» **Material provided**:
┄┄┄┄┄┄┄┄┄┄

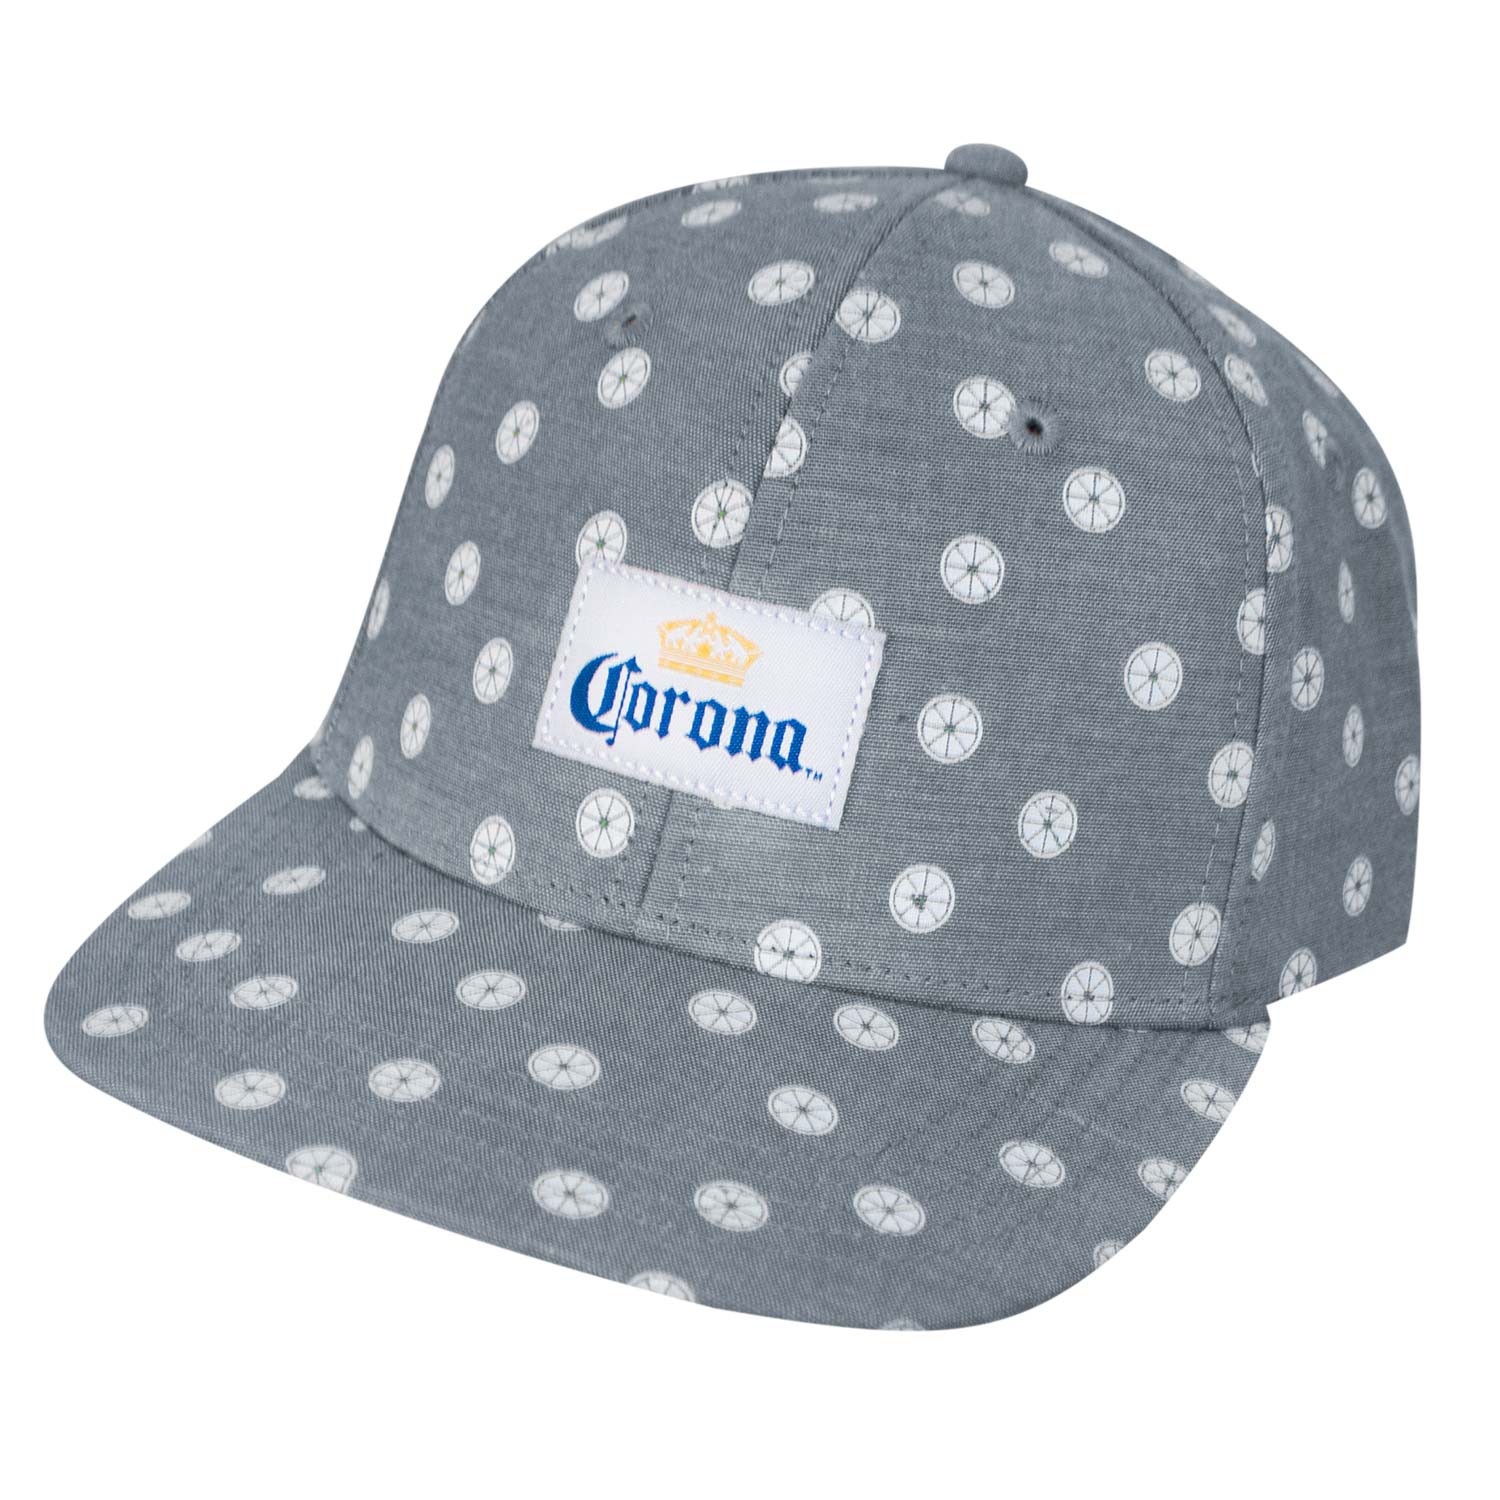 Corona Mini Limes Strapback Hat
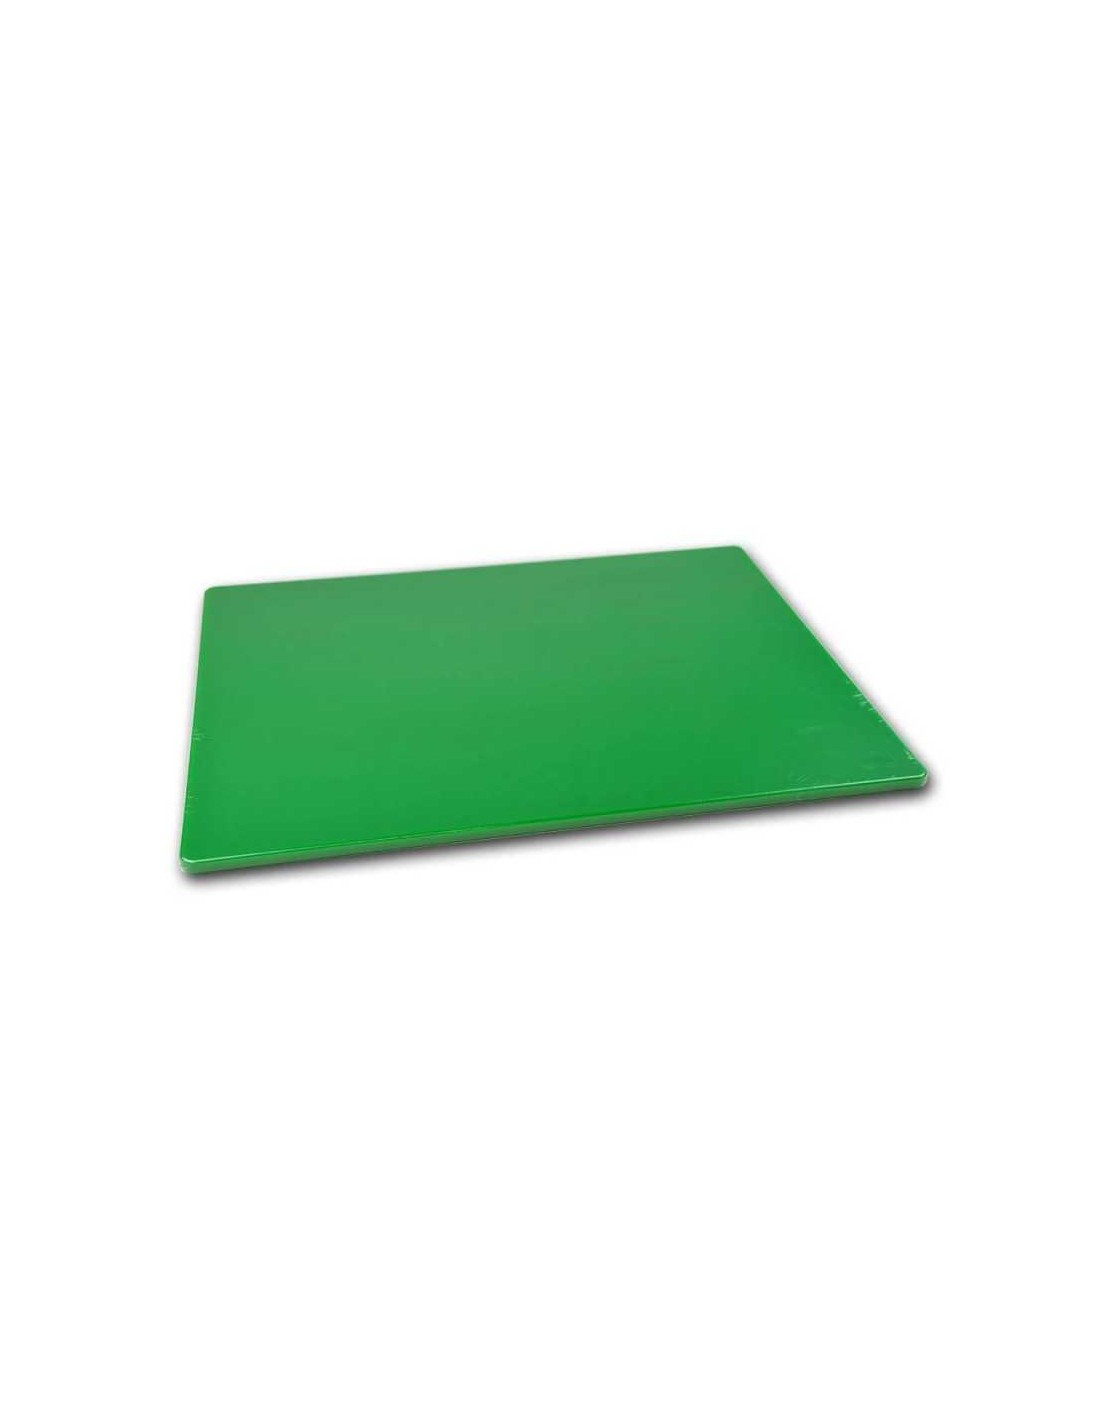 Tabla Para Picar 38 cm Verde – ProEpta
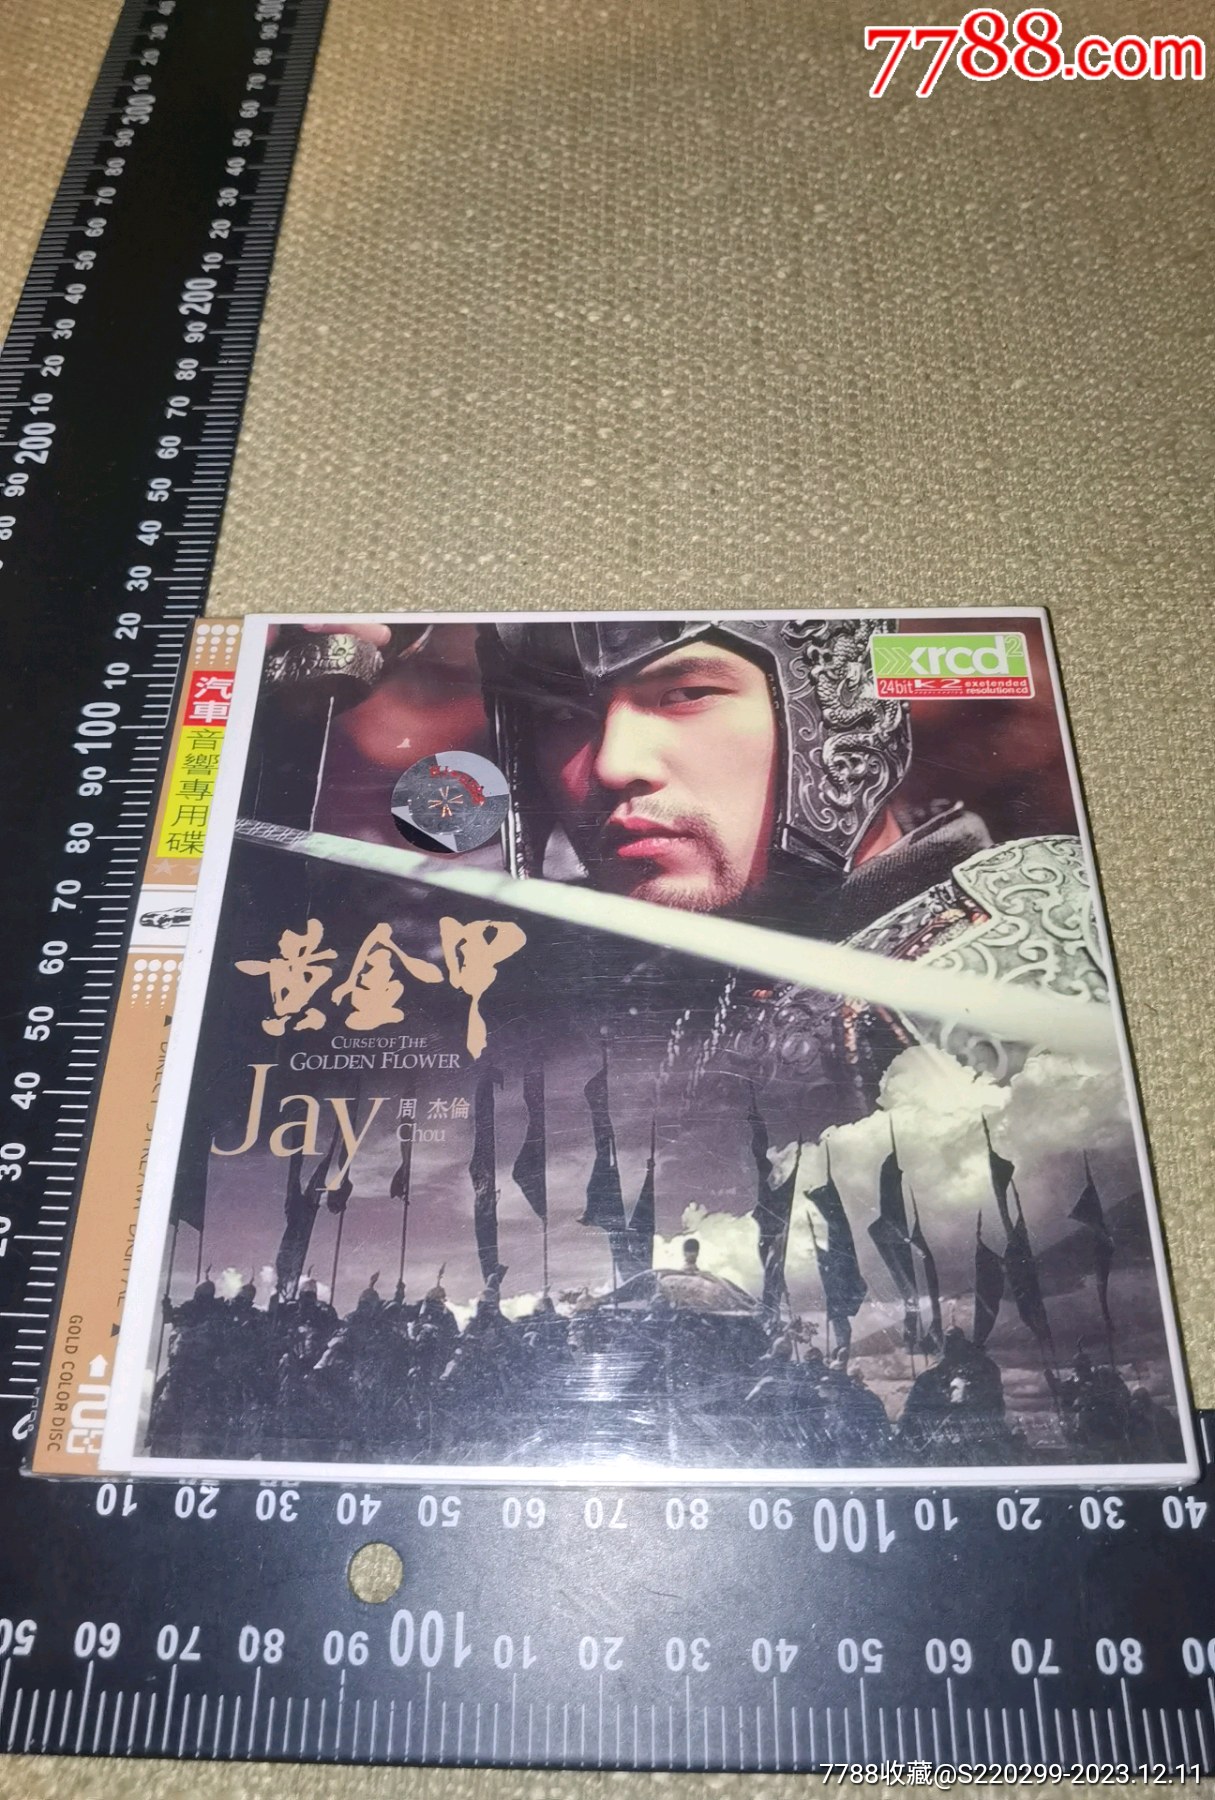 《周杰伦,黄金甲》(2汽车专用cd/未开封/精装/2006/广西文化音像出版

┄┄┄┄┄┄┄┄┄┄

Copy the material above word for word, images excluded.

 Corona Mini Limes Strapback Hat
 Tabla Para Picar 38 cm Verde – ProEpta
 《周杰伦,黄金甲》(2汽车专用cd/未开封/精装/2006/广西文化音像出版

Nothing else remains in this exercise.